### What the exercise asks
Images are not part of the copy; transcribe all the data exactly.

### Supplied information
• • • •

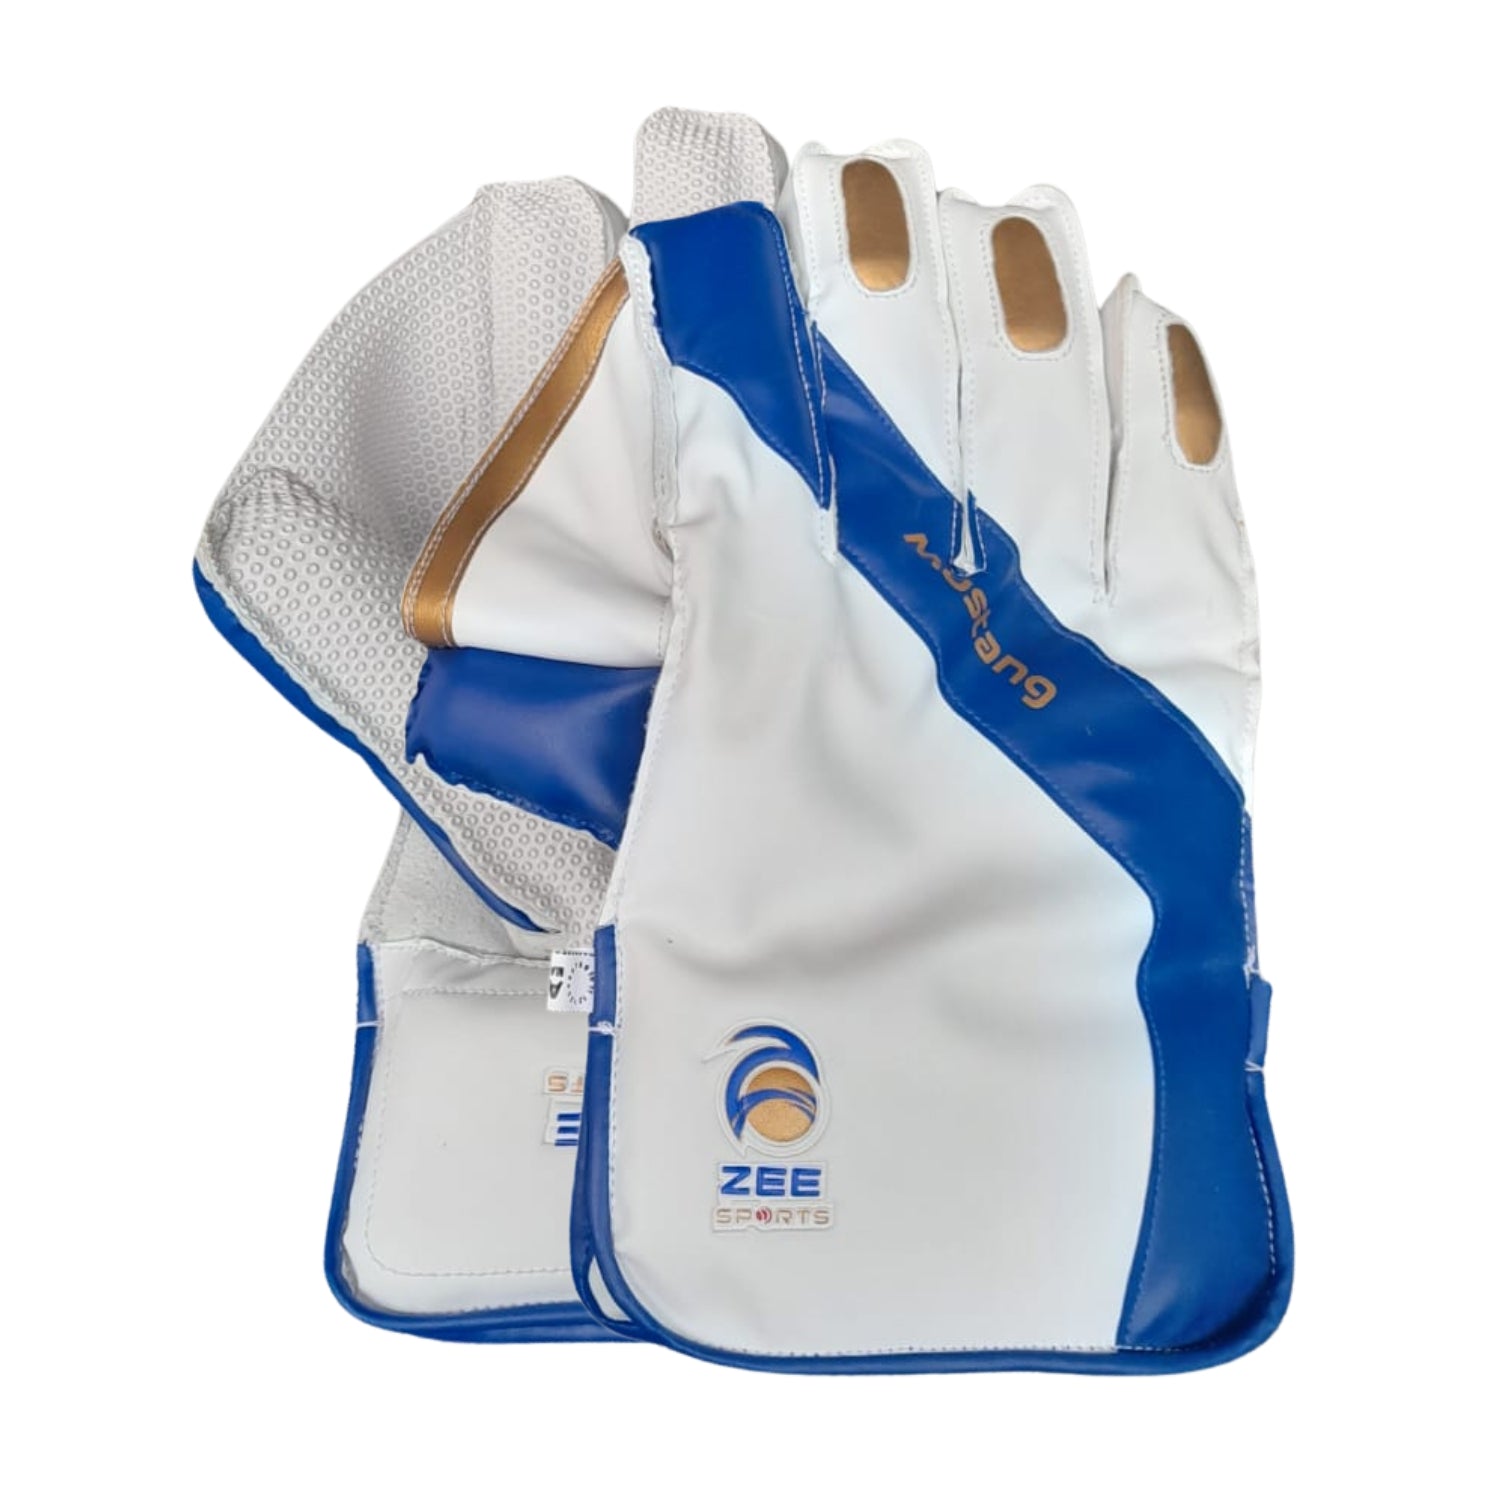 ZeeSports Wicket Keeping Gloves, Model Mustang 3-Star, Adult
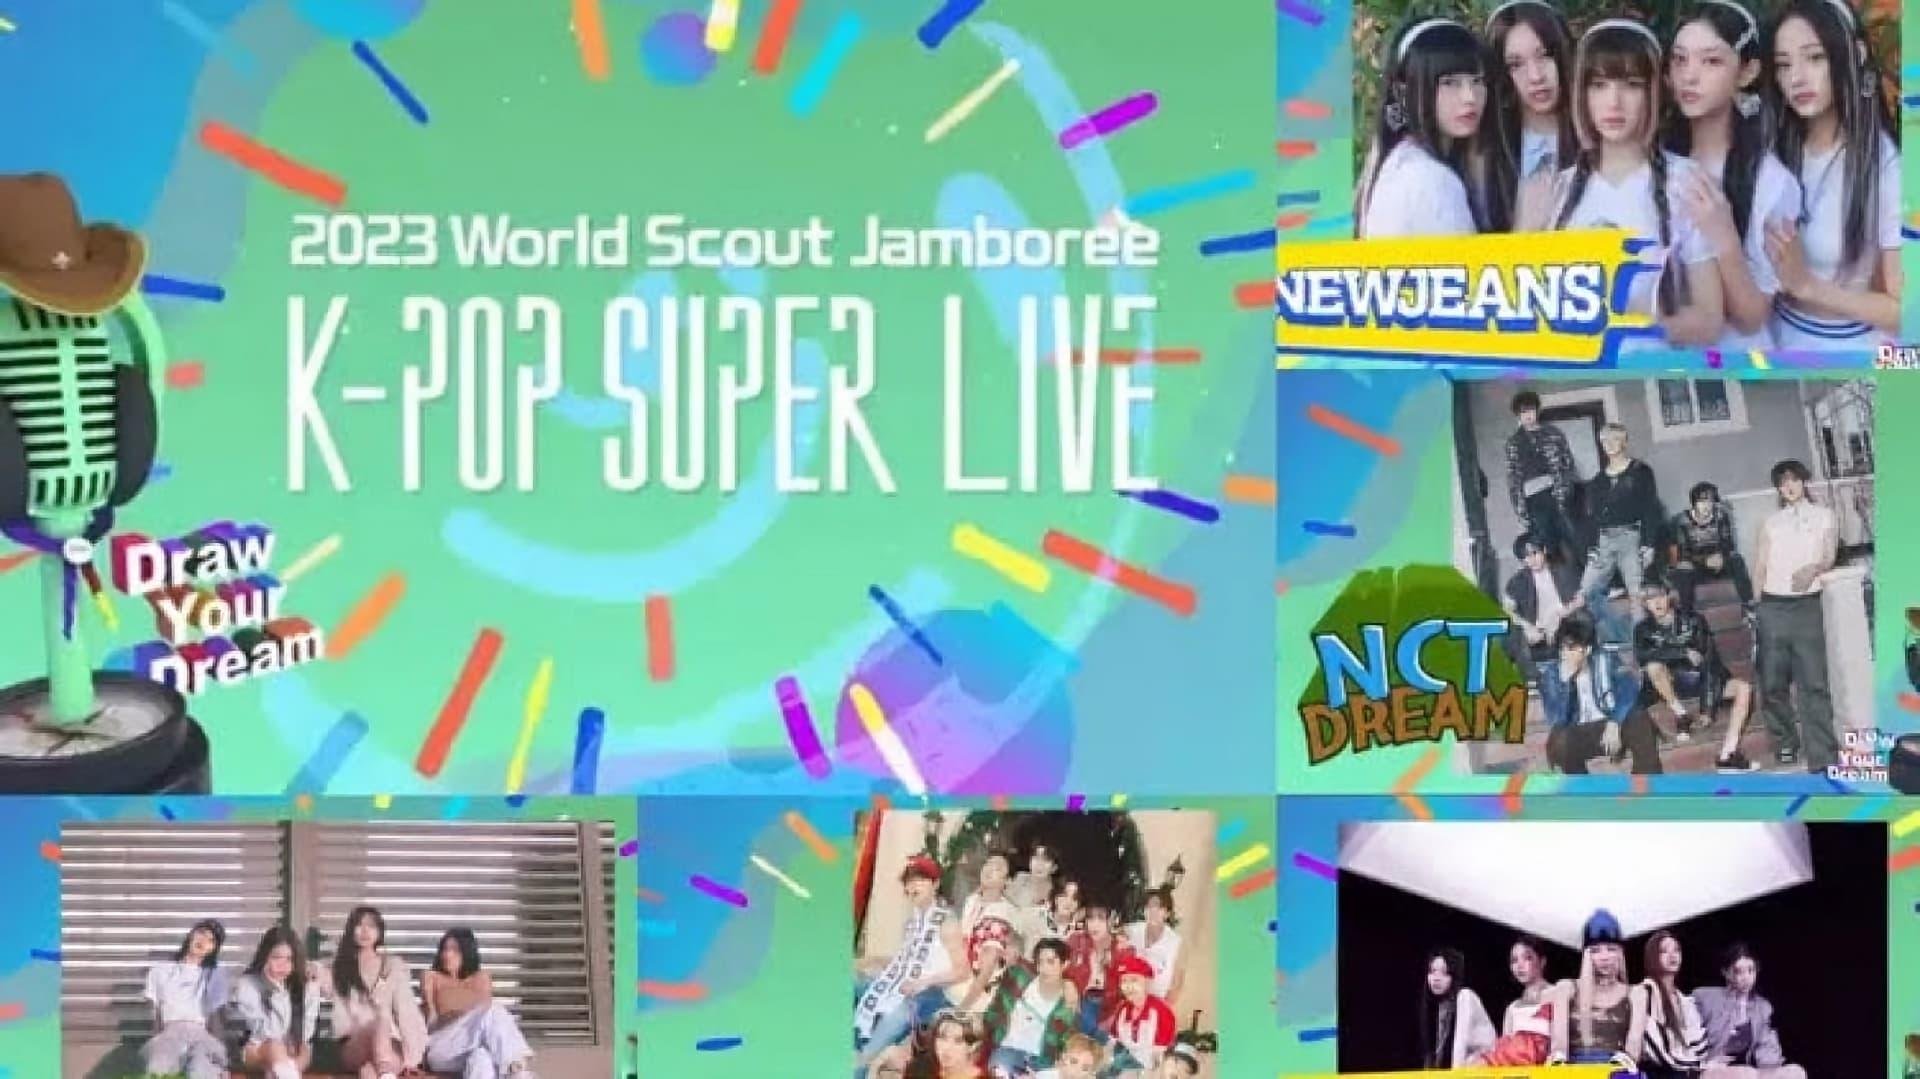 2023 World Scout Jamboree "K-Pop Super Live" Concert backdrop
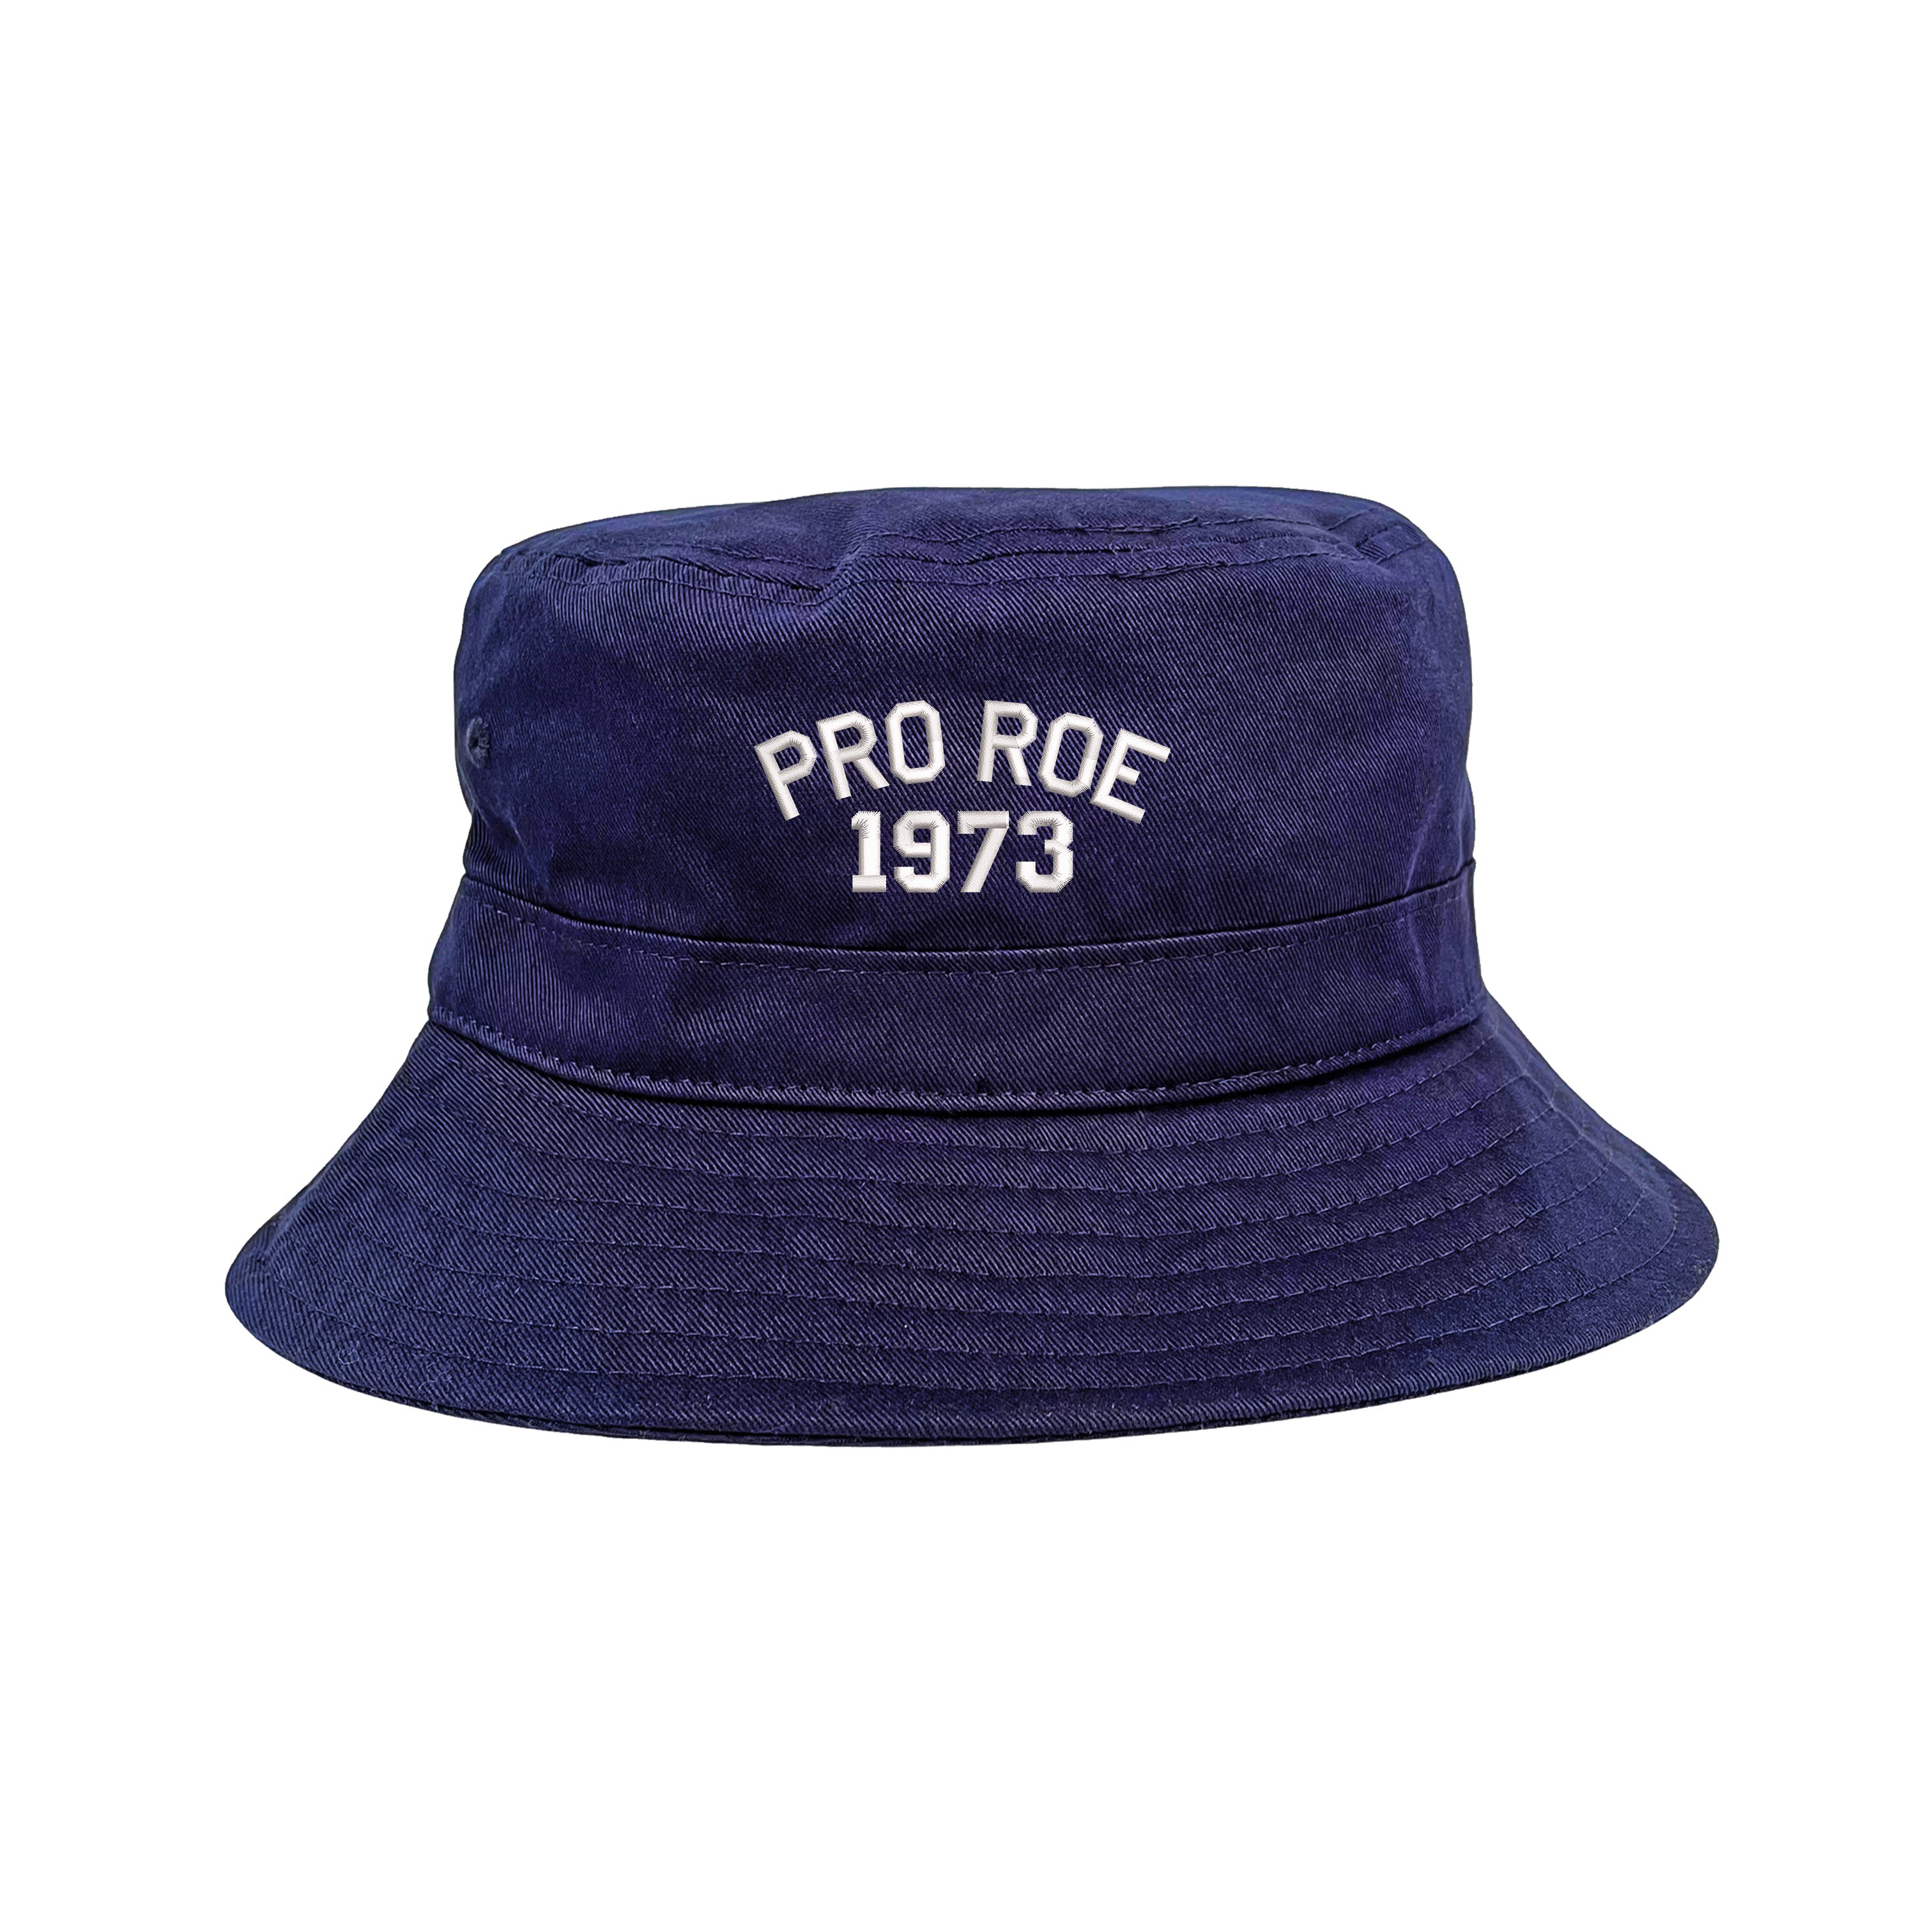 Pro Roe 1973 Navy Bucket Hat - DSY Lifestyle

• • • •

### Solution for this exercise
 ZeeSports Wicket Keeping Gloves, Model Mustang 3-Star, Adult
 2023 World Scout Jamboree "K-Pop Super Live" Concert backdrop
 Pro Roe 1973 Navy Bucket Hat - DSY Lifestyle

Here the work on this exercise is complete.